Let's break the question down into two elements:

1) Is using 100,000 iterations good enough for password storage?

It depends! You should always use as high an iteration count/work factor as your system can handle with reasonable responses, understanding that your side will be single-threaded (hashing the one provided password), while the attacker will be parallel (trying many possible passwords simultaneously).

So, determine how much time you can afford to spend on each hash; if your rules is the hashing can take no more than 1/10th of a second, and you expect 16 logins per second on an 8 core box, then the hash iteration count/work factor should take 1/20th of a second.

2) Is using SHA-256 good enough for password storage?

By itself, no. As part of a construct including a salt, yes, absolutely. The construct you're looking for that uses SHA-256 is PBKDF2-HMAC-SHA-256, which uses iterations of HMAC-SHA-256, which is simply HASH(Key XOR opad, HASH(Key XOR ipad, text)) where ipad and opad are fixed values (sized for SHA-256).

PBKDF2 (RFC2898) iterates them as such:

           U_1 = PRF (P, S || INT (i)) ,
           U_2 = PRF (P, U_1) ,
           ...
           U_c = PRF (P, U_{c-1}) .

It is important to note that the HMAC construct is the PRF.

Answer: Yes, if you use PBKDF2-HMAC-SHA-256 with 100,000 iterations AND you can't fit more into the time available

You can find a variety of PBKDF2 implementations at my Github repository, including a variety of languages and from-scratch implementations as well as OpenSSL and PolarSSL and other library based implementations, including test vectors.

Please compare the speed of whatever you write and whatever else is available to you - for secure password hashing you must use your fastest implementation

Anti-weakpasswords
  • 9,850
  • 2
  • 24
  • 52
4

To answer the title: no.

Your question's premise is incorrect in the first place. Repeated iterations of SHA256 is not a suitable algorithm for password storage.

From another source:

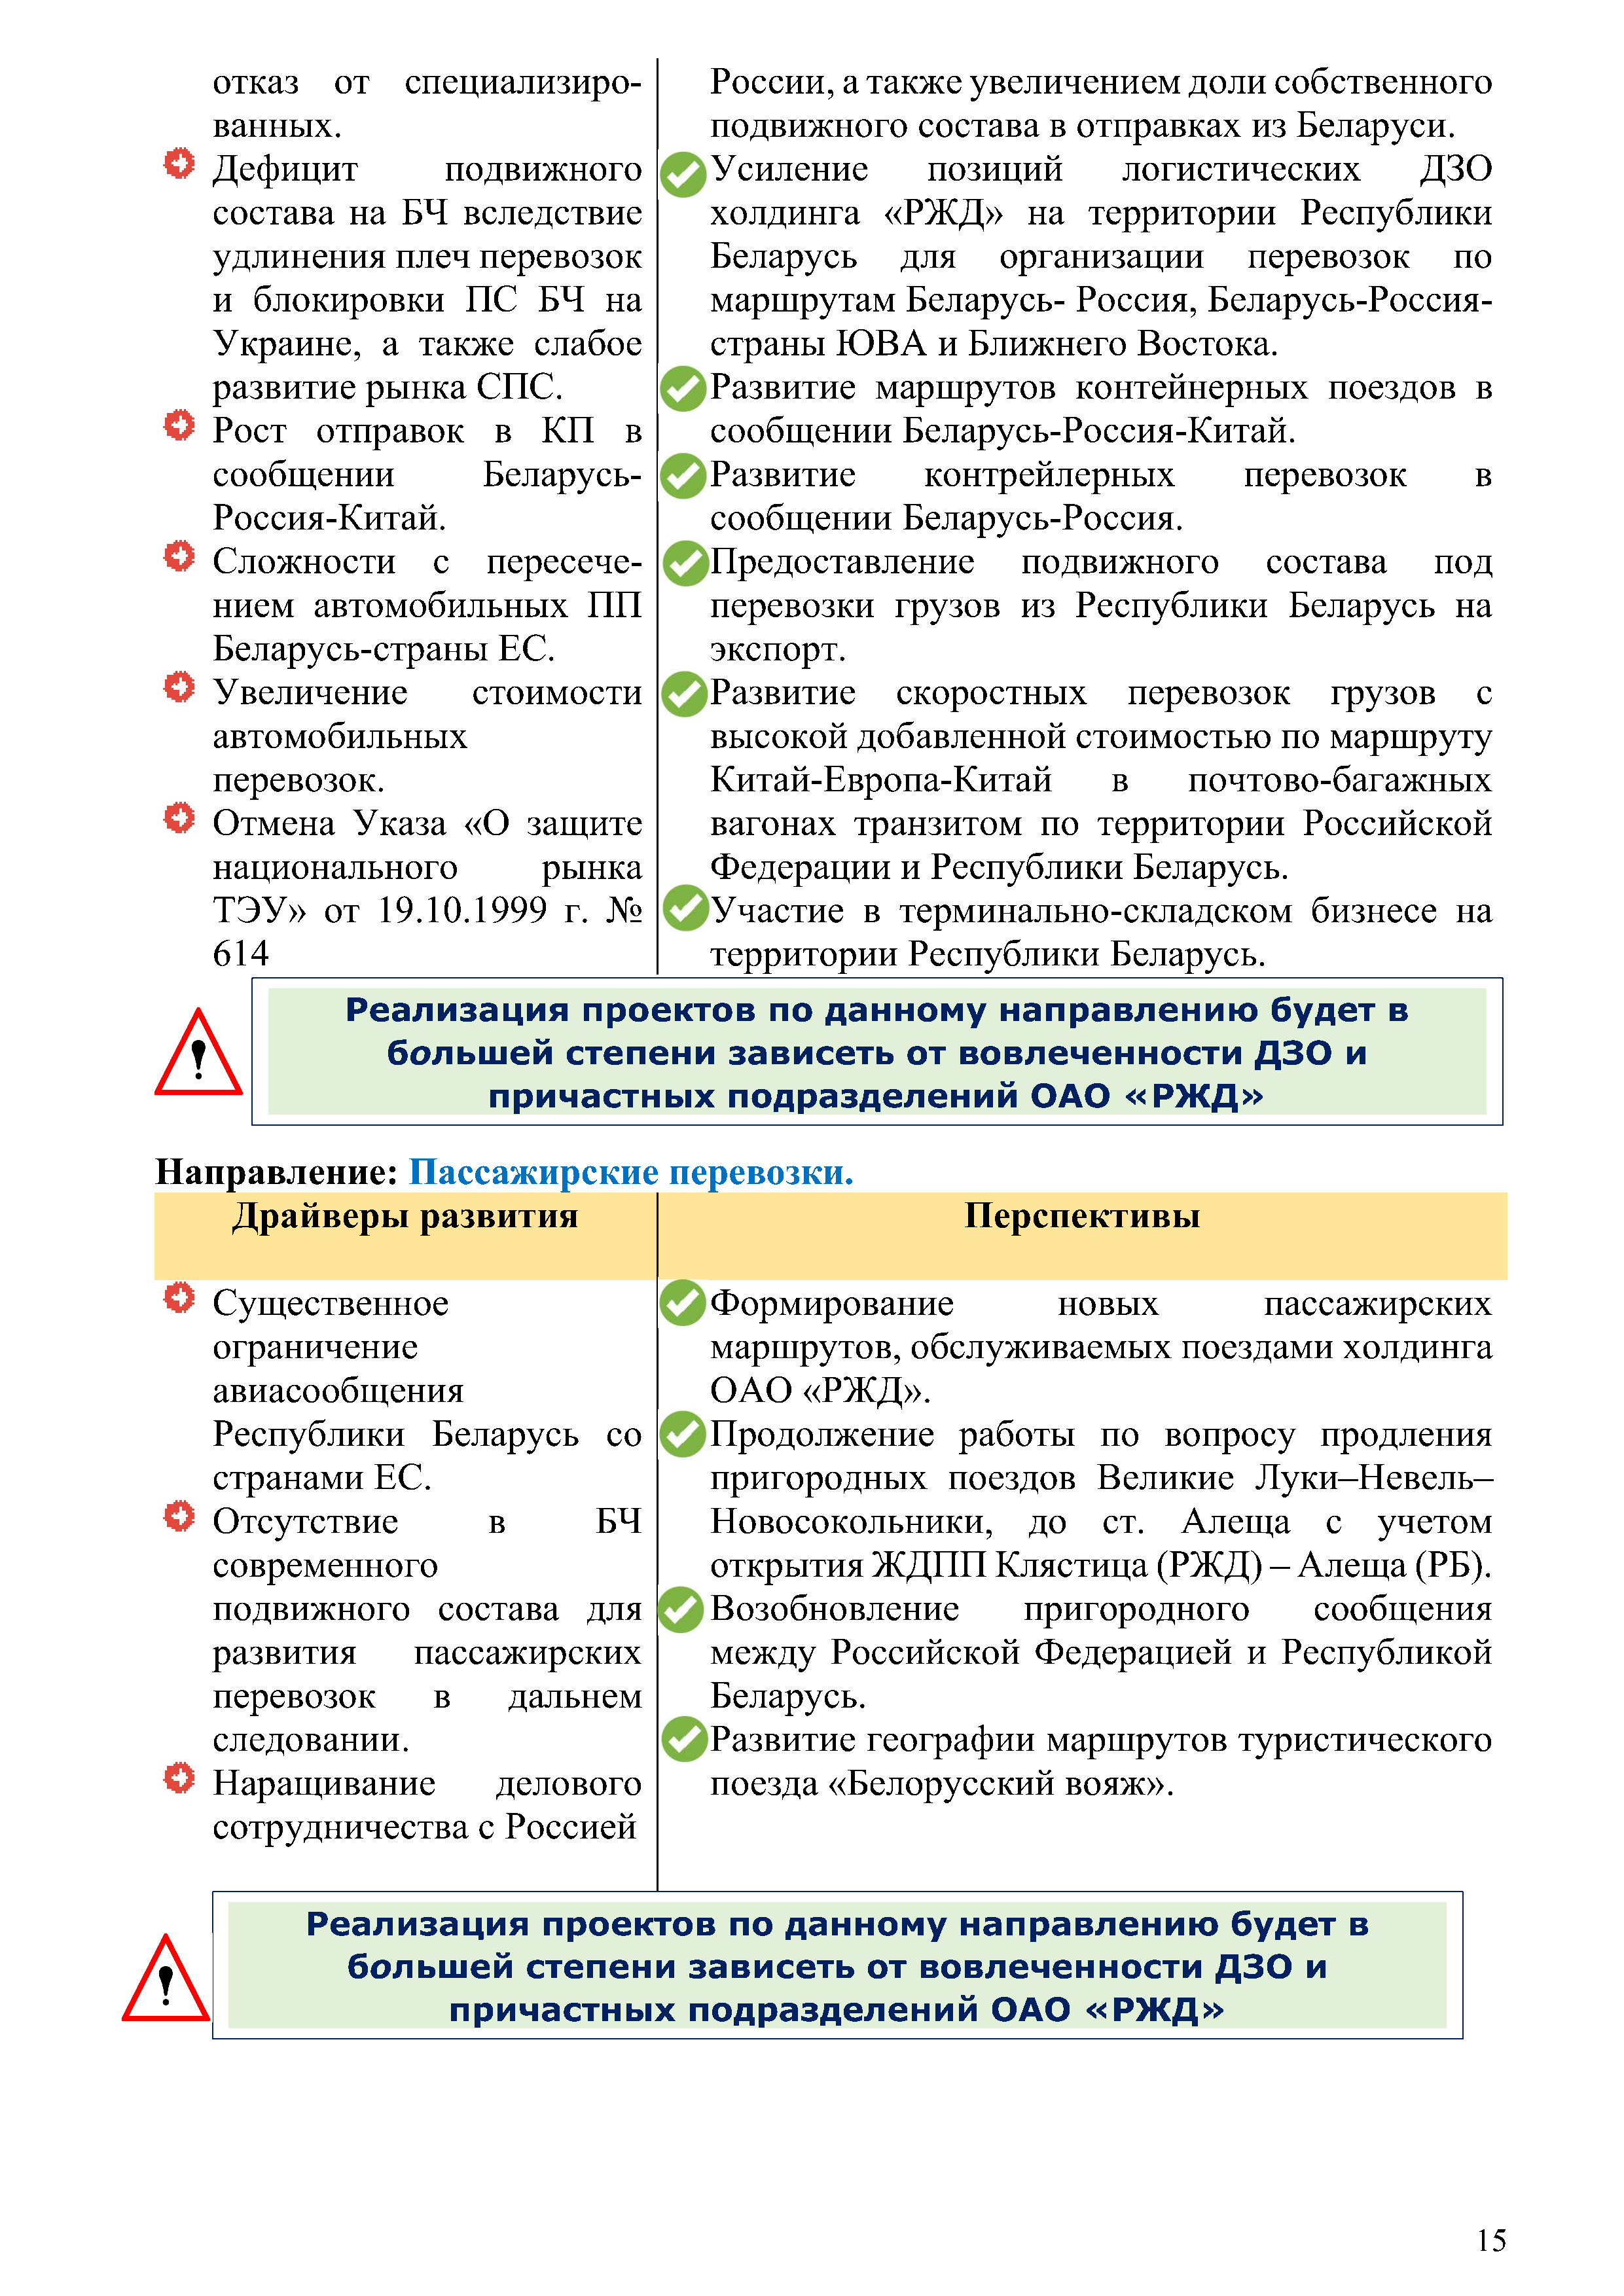 Отчет о работе представительства ОАО «РЖД» в Республике Беларусь за 2022 год (Страница 14)

You should use Argon2 if your language has an available binding. If you're using PHP you can use the inbuilt password_hash function with the PASSWORD_ARGON2I flag. For .NET applications there's a fully managed implementation available. There's a binding available for Java too. There's a fantastic article from Paragon about storing passwords safely, which has example code for a bunch of languages.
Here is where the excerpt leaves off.